The Canadian government is now once again investing in a flag carrier (the only way a high risk loan using taxpayer money can be interpreted) and sending a message to the world that the old days of protectionism are back. It has specifically sent that message to the airlines of the Gulf states, which are anxious to increase service into Canada, but are being rejected.
The sole purpose of that rejection is to protect Air Canada and its Star Alliance partners. Mr Milton has said that new airlines should be allowed in only if their capacity is limited to the end-to-end traffic they carry - and he apparently has the agreement of Ottawa, even though that the same logic does not apply to other hub airlines.
Once that stance is taken, how can other relationships be transparently seen to remain “liberal”? Either the government takes the same position in other cases, or it discriminates. Neither approach can be satisfactory.
WestJet has not had a lot to say about the bailout. This is perhaps understandable. There is little point in providing a target for all those who have vested interests in the continuation of Air Canada. And, anyway, WestJet itself has just concluded a deal with the SkyTeam group to cooperate on international operations. So it too has a strong interest in keeping unwelcome competitors out of the Canadian long haul market.
After all the dust settles – for the time being, at least, there are many fundamentals that airlines and governments must confront. If this downturn continues to rip the insides out of the legacy airlines, something different has to emerge.

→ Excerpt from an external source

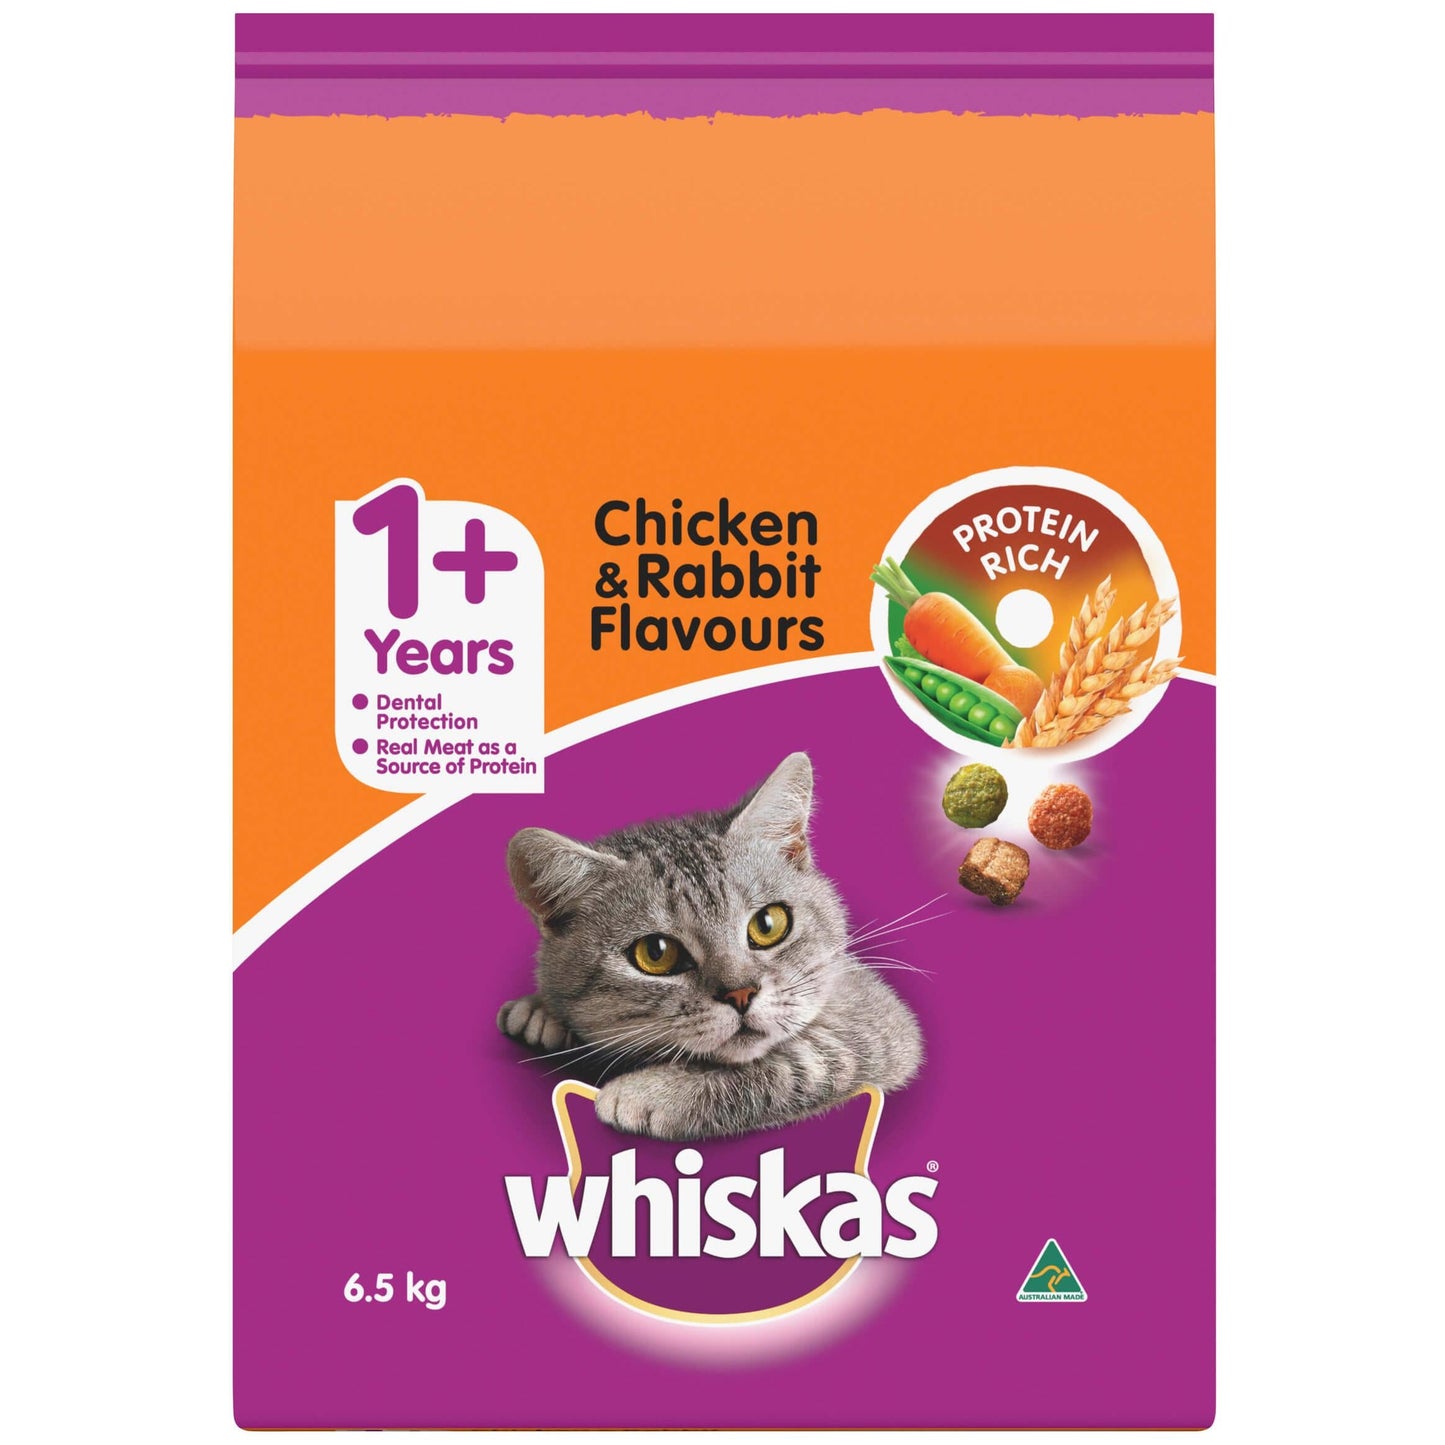 Whiskas Chicken and Rabbit - 6.5kg
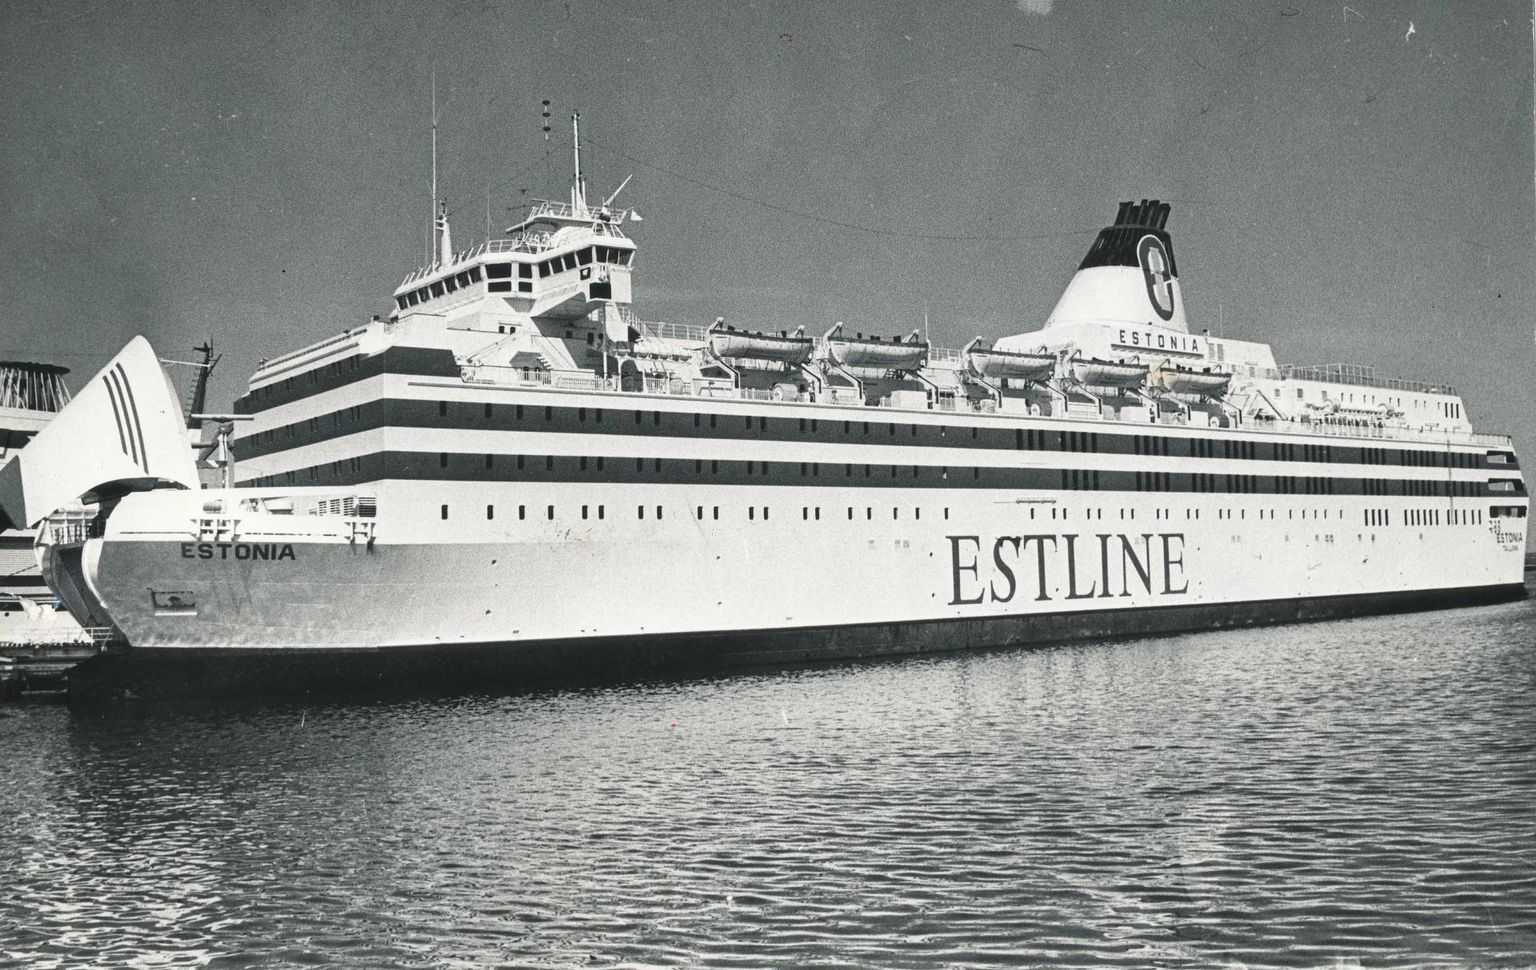 Pildil parvlaev Estonia sadamas

One approach – actively endorsed by IATA, the airlines’ global association – is to get governments out of the way and allow and industry (which has never in history returned its cost of capital) to restructure and become more rational. That means removing national ownership restrictions and ending protection of flag carriers.
Yet, if Canada, supposedly one of the more liberal aviation countries in the world, is prepared to turn the clock back 40 years in this way, what chance is there of real change?
This suggests that we may even face an about turn in aviation regulation, where governments come to a conclusion that the socio-economic benefits of the airline “industry” are so great that intervention is essential. If the survival of sufficient numbers of major airlines is threatened, anything is evidently possible.
There is not a major international legacy airline today that has not achieved its position as a result of massive protectionism and/or government ownership over the years. Canada is now seeking to retain the high moral ground by excluding sovereign wealth-supported airlines, yet provides the same support to its own carrier, merely reverting to type.
If others follow suit, there will be ructions. Whatever the case, Canada Inc is not showing the sort of leadership that most others are looking for. And the saddest part of all is that the bailout is unlikely to succeed for the long term.